Exclude the pictures. Transcribe exactly, and only, the lines from the one holding "LEGO Architecture Skylines: Tokyo" to the end of the material below.

» **Data block**
=== Section Start ===
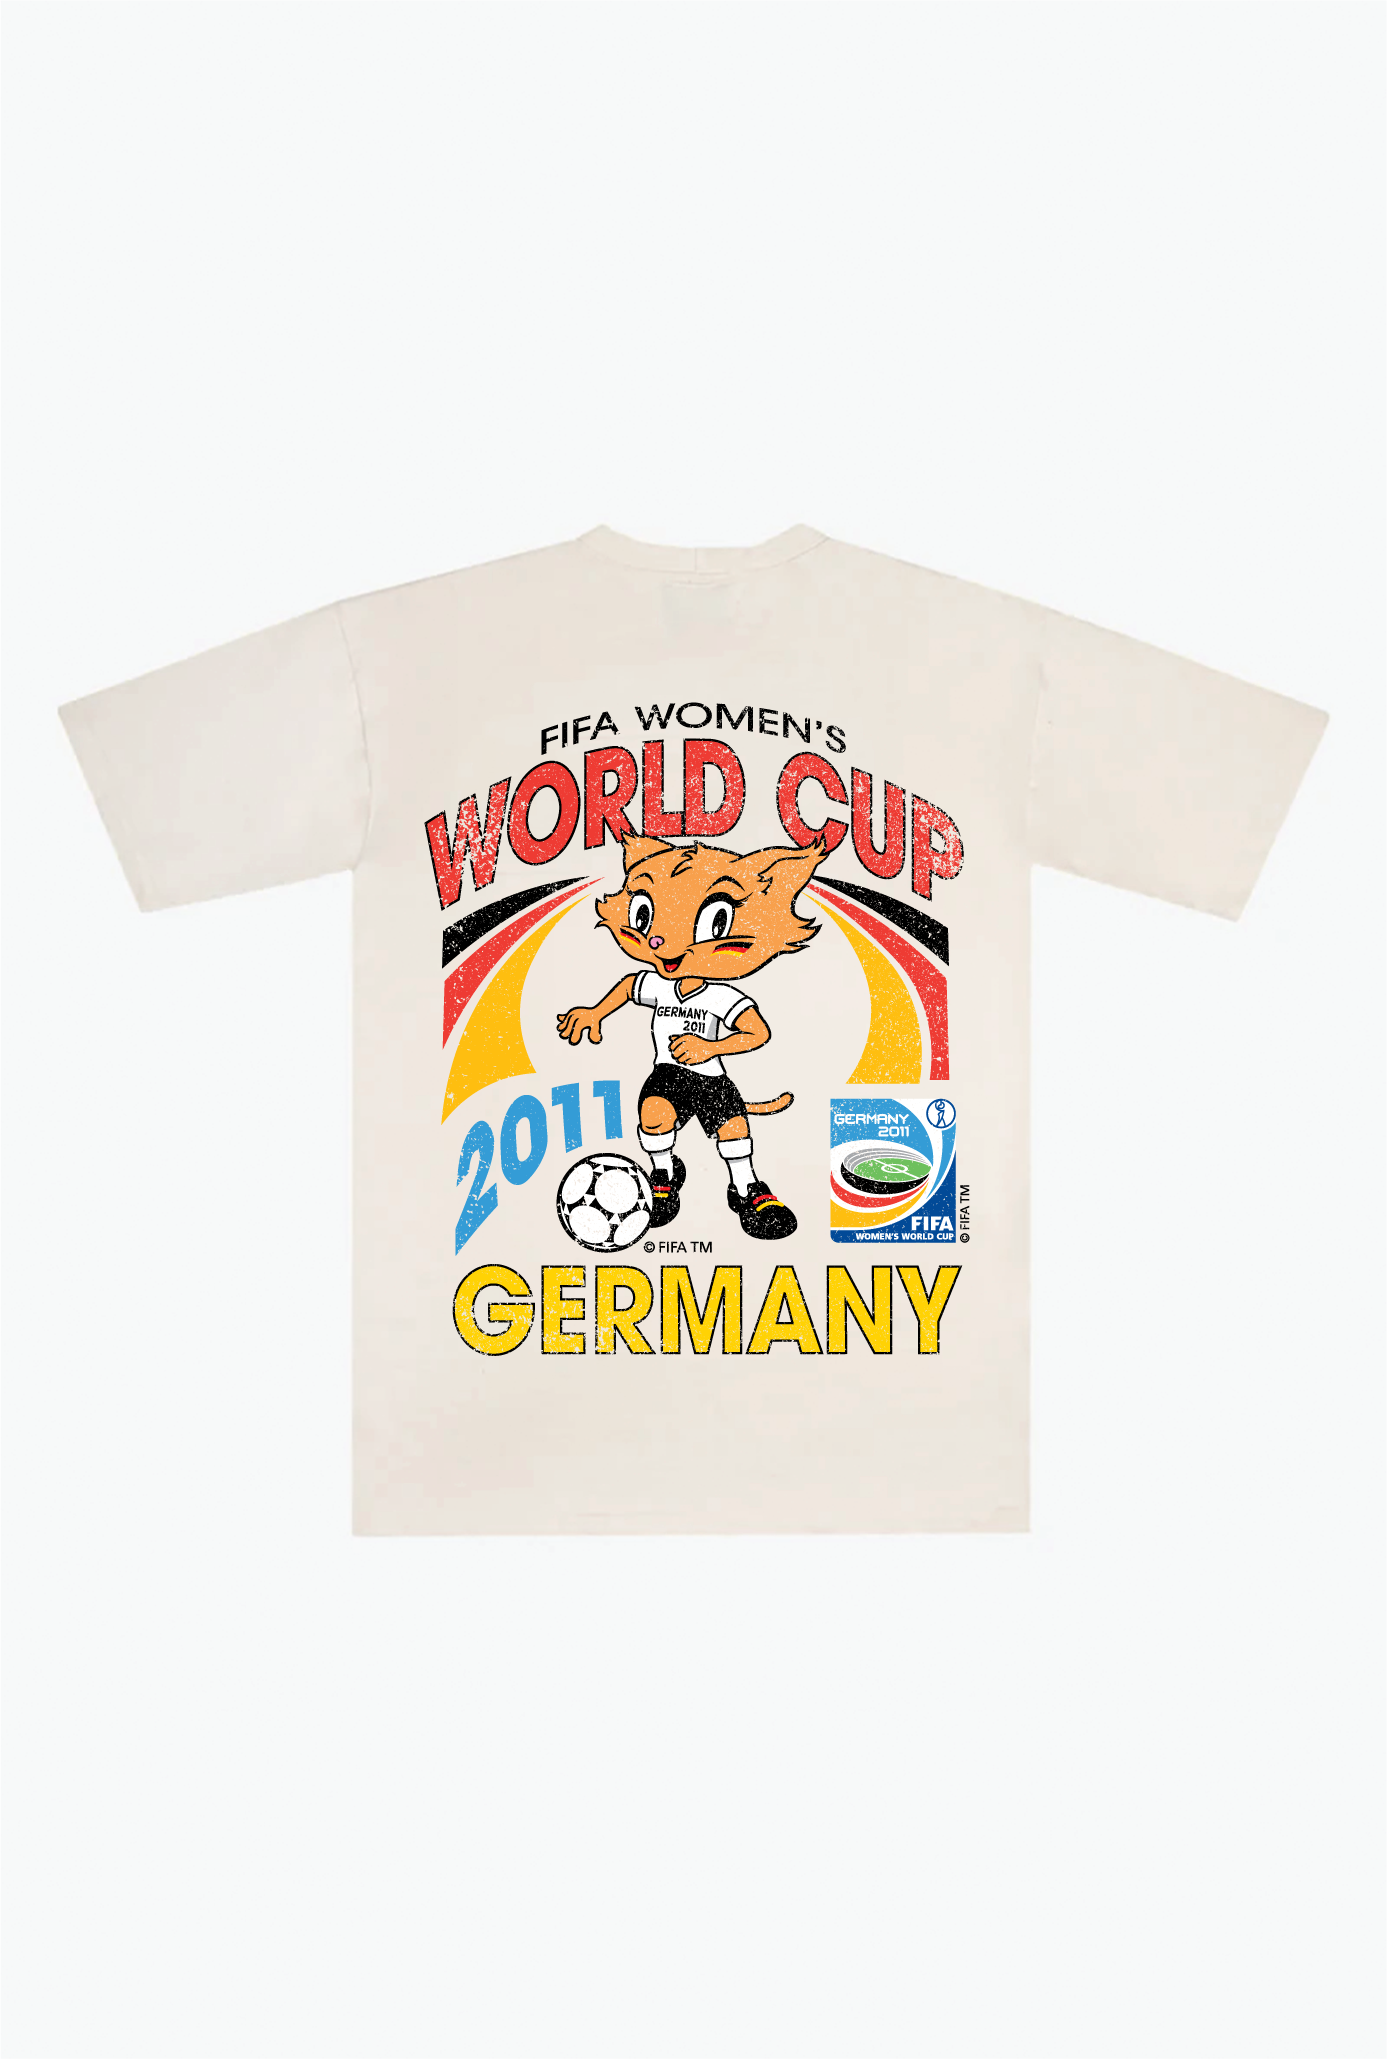 Germany 2011 World Cup Vintage Premium T-Shirt - ivory
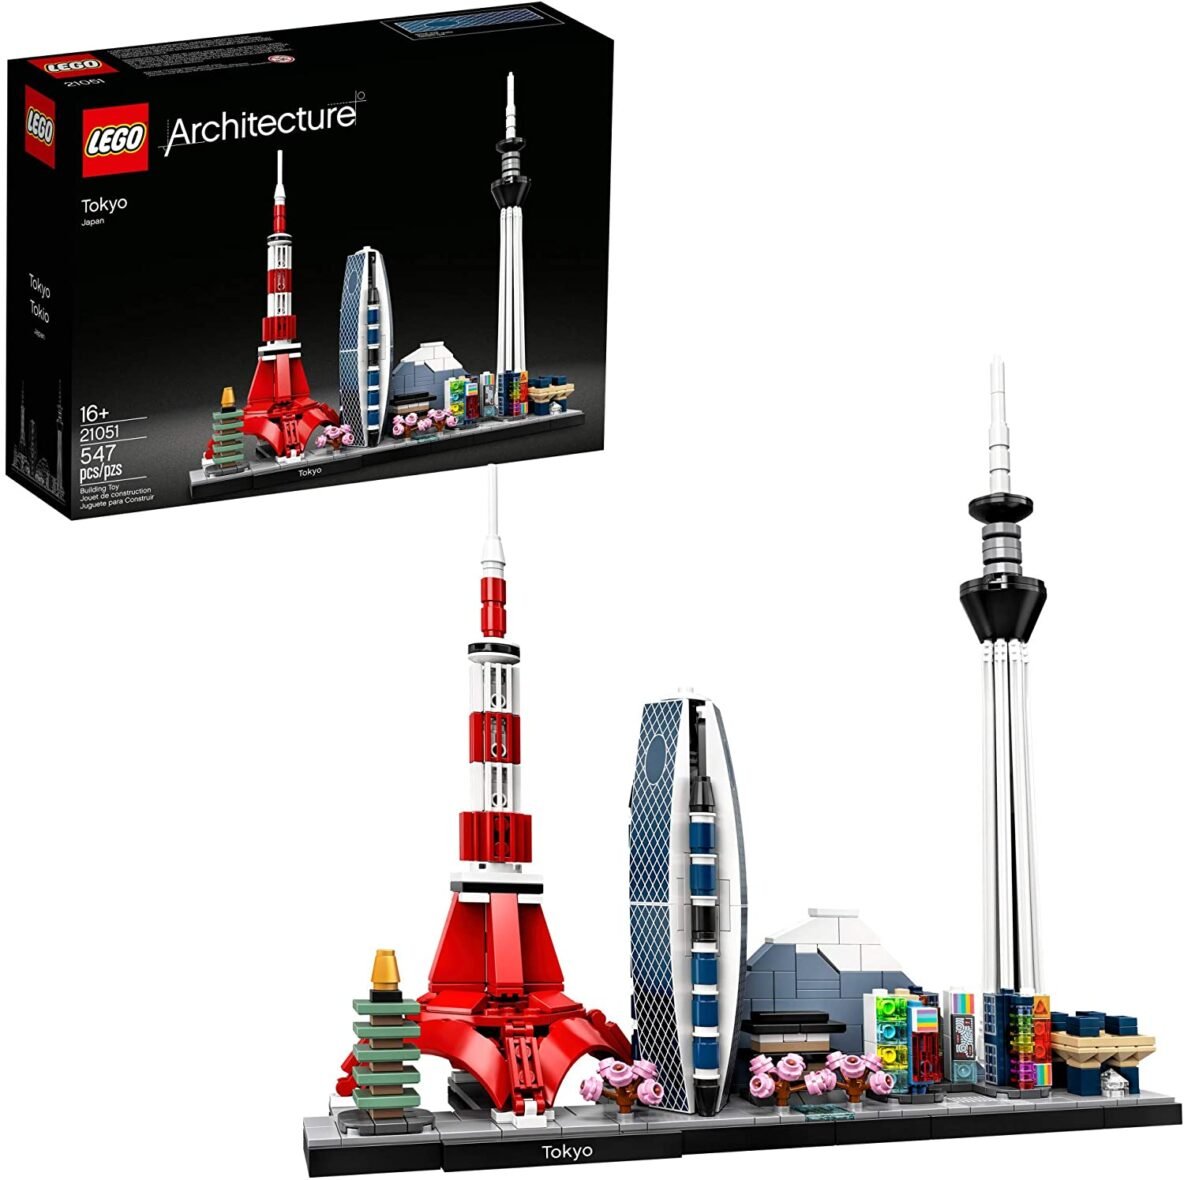 LEGO Architecture Skylines: Tokyo 21051 Building Kit, Collectible Architecture Building Set (547 Pieces)
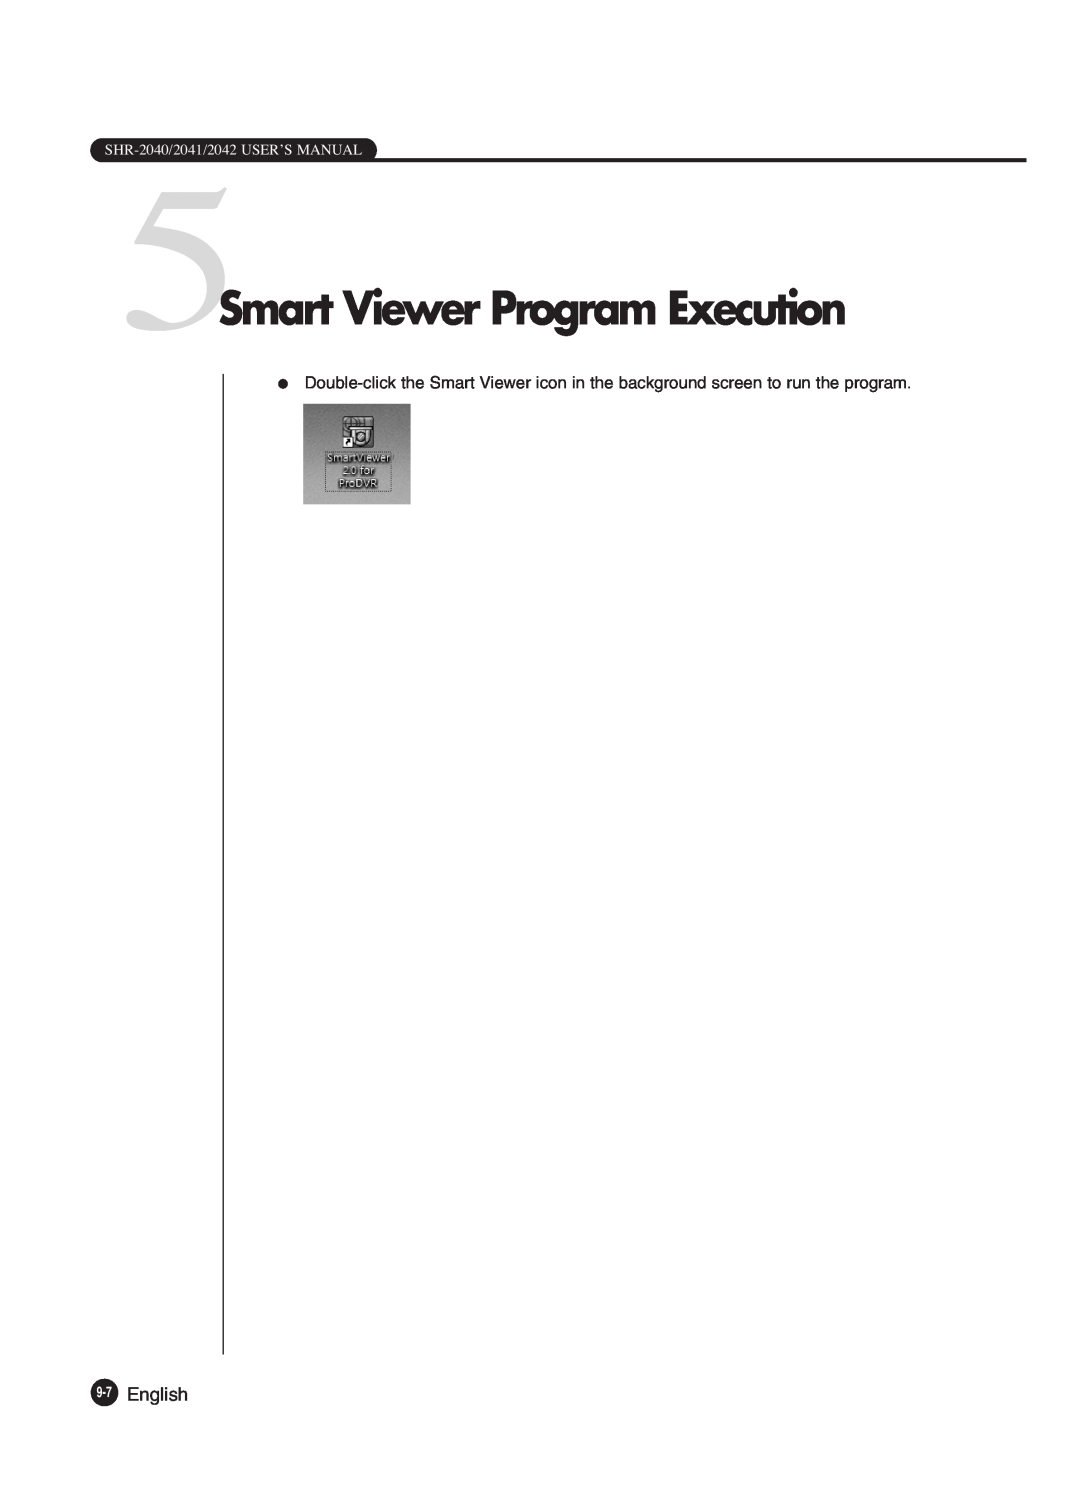 Samsung SHR-2042P250, SHR-2040P250 manual 5Smart Viewer Program Execution, English, SHR-2040/2041/2042 USER’S MANUAL
=== Section End ===
» **Output for this task**
 LEGO Architecture Skylines: Tokyo 21051 Building Kit, Collectible Architecture Building Set (547 Pieces)
 Samsung SHR-2042P250, SHR-2040P250 manual 5Smart Viewer Program Execution, English, SHR-2040/2041/2042 USER’S MANUAL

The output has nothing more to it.